気分を害したらごめんね。ねむらないさめさん。いつも記事読ませてもらってます。
あなたのことを批判するわけではないし、攻撃しようとも思ってません。
この記事読んで、思い出したことを書きます。
わたしも、ねむらないさめさんと全く同じ小学生だった。
鈍くさくて、足が遅くて、ドッジボールとリレーは罰ゲームだった。30年以上も前なのに運動会のこと思い出すと頭の中が一瞬で暗転するのに今でもびっくりするよ。
小学生って残酷だもんね。異様に勝敗にこだわるし、ストレートだし、特にクラス内カーストのトップのイケイケ感たらないよね。そんな環境に全員参加の勝負事を持ち込んだらさあ大変。わたしやさめさんみたいなタイプは「わたしのせいで…」そんな小学生には背負いきれない謎の責任感に押しつぶされそうになっちゃうのもよくわかるよ。
でもわたし、小学校高学年の頃のドッジボール大会でのエピソードが今でも忘れられないんだ。
わたしの敵チームにいた水谷くん。体が大きくて運動はできるタイプだった。女子と積極的に話したり、目立つポジションではなかった彼にとって、ドッジボール大会は数少ない活躍できる場所だったと思う。ドッジでもスター選手っているでしょ?玉にキレがあってコントロール正確なの。水谷くんは普段派手さはないけれどドッジでは間違いなくスター選手だった。

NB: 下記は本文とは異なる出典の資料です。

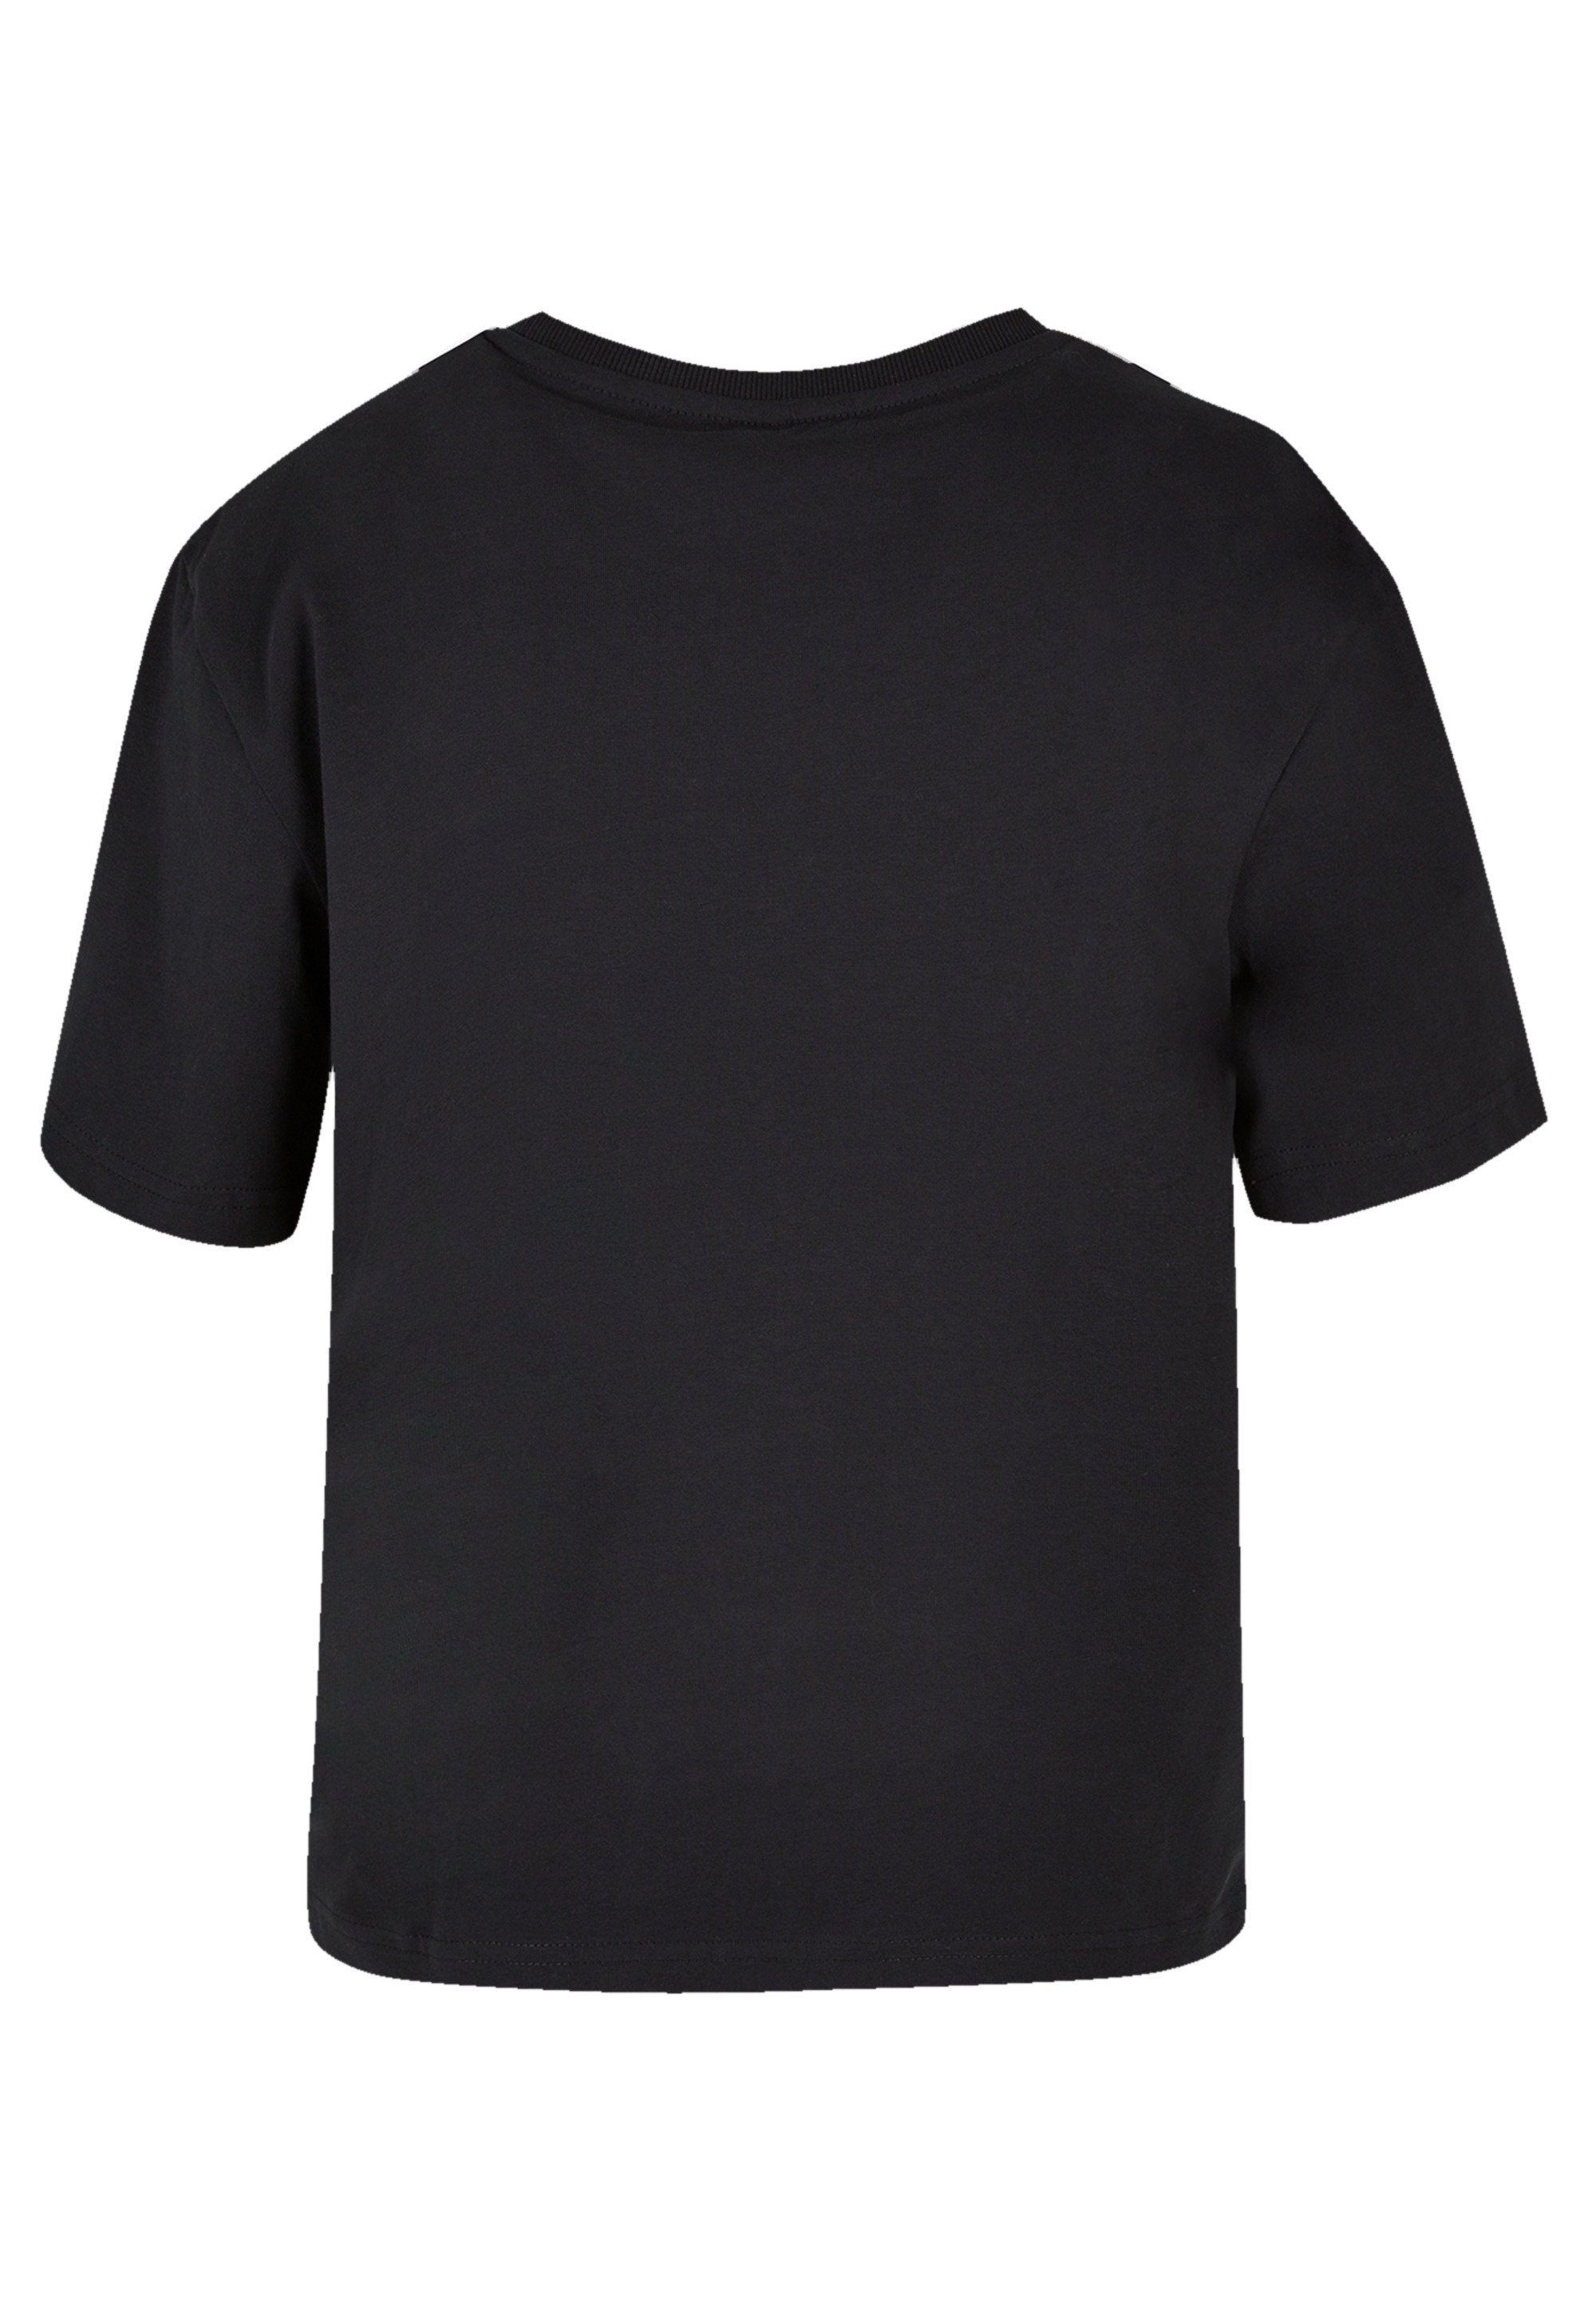 Premium Qualität, T-Shirt Spirit Disney Mulan kombinierbar und Komfortabel F4NT4STIC Bold vielseitig

わたしはその日も自分のチームの内野でビクビクしながら球を避け続けていた。内心、もう当たって外野にサッサと行っちゃいたかったんだよ。でも、試合事だからね、自分のチームが勝つために避け続けていた…というよりとにかく球が怖かった。鈍くさい子ってそんなもんだよ。まともにキャッチできないのわかってる、そしてボールが怖い一心なんだ。
そんな一瞬、わたしの敵チームの水谷くんにボールが渡った。わたしのチームは劣勢で、内野はだいぶ人が減ってきていた。わたしの周りの空白のスペース、水谷くんが手に抱えたボール。目が合った。多分わたしは怯えた目をしていたと思う。水谷くんがボールを構えた。
「当たる!」
わたしを狙っていたのは明らかだった。ドッジ界ではスターと雑魚ということはお互い自覚している。雑魚はさっさと内野から消去する、それがドッジボール界のルール。
しかし、球は逸れた。
明らかにわたしを避けてボールは誰もいないスペースへと飛んでいった。
わたしは拍子抜けした。そしてその後の試合の展開など今は覚えていない。覚えているのは目が合ったのに、敢えて角度を変えて、誰もいないスペースにボールを投げ込んだ水谷くんという小学生の男の子の存在だけ。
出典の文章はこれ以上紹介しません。